Though mortally wounded, the Phantom's main concern becomes Christine's safety, as he fears that the police will kill her now they know she is with him. The Phantom leads them to the lake. Raoul and Christine get in the boat, but the Phantom remains on the dock and pushes the boat away. He tells Raoul to get out of the cave and out to the river. Raoul does so, ignoring Christine's screams and objections. The Phantom fights the police but is shot multiple times. He hears Christine calling him "my love" and cries out her name before being stabbed in the back, then falling into the lake and dying. The rats watch sadly as his body drowns and Christine weeps, heartbroken.

== Cast ==
- Julian Sands as The Phantom of the Opera
- Asia Argento as Christine Daaé
- Andrea Di Stefano as Raoul, Baron de Chagny
- Nadia Rinaldi as Carlotta Altieri
- Coralina Cataldi-Tassoni as Honorine
- István Bubik as The Rat Catcher
- Lucia Guzzardi as Madame Giry
- Aldo Massasso as Pourdieu
- Zoltan Barabas as Poligny
- Gianni Franco as Montluc
- David D'Ingeo as Alfred
- Kitty Kéri as Paulette
- John Pedeferri as Dr. Princard
- Leonardo Treviglio as Jerome De Chagny
- Massimo Sarchielli as Joseph Buquet

== Production ==
Argento described Arthur Lubin's Phantom of the Opera as a film that "marked his youth", leaving him "shocked and fascinated". After considering a film adaptation in the 1970s which would have been shot in Moscow and would have mixed the figures of the phantom and Rasputin, he returned to the project in 1992 while filming Trauma in Minneapolis, after casually watching the Rupert Julian's 1925 adaptation on television.

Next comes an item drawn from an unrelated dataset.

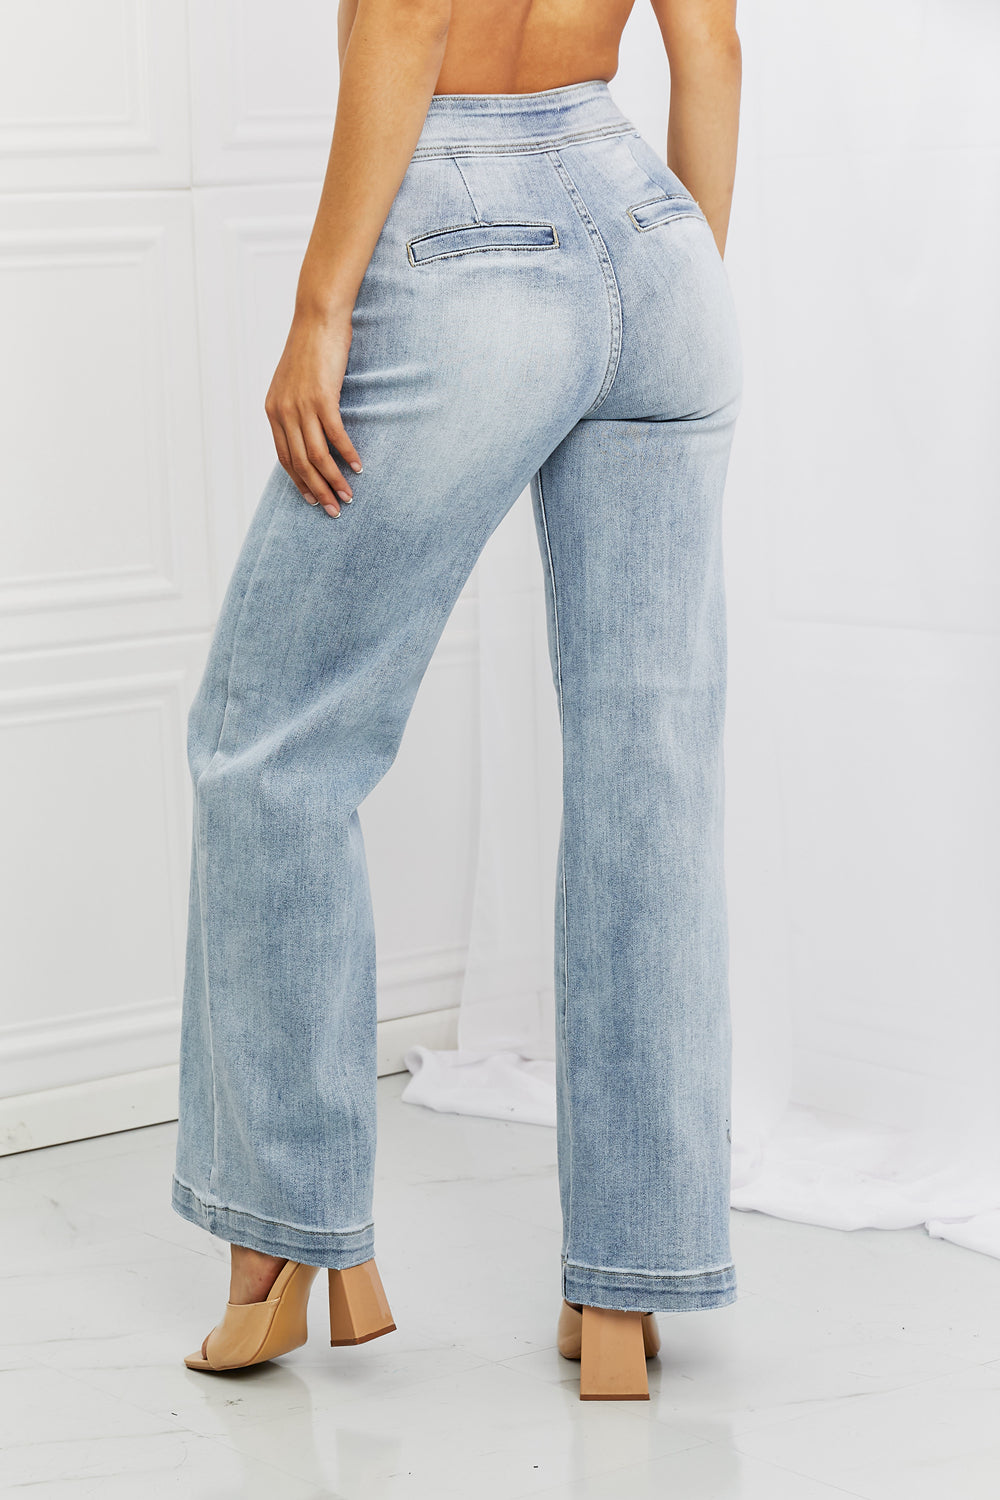 RISEN Full Size Luisa Wide Flare Jeans - The Fashion Unicorn

Argento shot the film between Cinecittà, the Hungarian State Opera House, the Pertosa Caves and some other caves in Slovakia.

== Critical reception ==
Critical response to the film was negative. While praising the visuals, set design and score, Variety called the film "a gothic kitschfest that leaves no excess unexplored", writing "none of your sanitized Andrew Lloyd Webber treatment here, but plenty of bodice-ripping, lush romanticism, gore and gross antics with rats, all of which should tickle the director's stalwart devotees. But the script's clumsy plotting, its often unintentionally hilarious dialogue and some howlingly bad acting make the already widely sold pic likely to function best as a campy video entry for irreverent genre fans." Slant Magazine called it "a hapless failure that could pass for a second-rate B movie that went straight-to-video. After the unfulfilled promises of Trauma and The Stendhal Syndrome, The Phantom of the Opera seemingly signaled the demise of a great auteur."

On Rotten Tomatoes, the film has an approval rating of 0% based on reviews from 9 critics.

== Soundtrack ==
The score was composed by Ennio Morricone and featured the "Air des clochettes" from the opera Lakmé by Léo Delibes and the overture from Charles Gounod's Faust.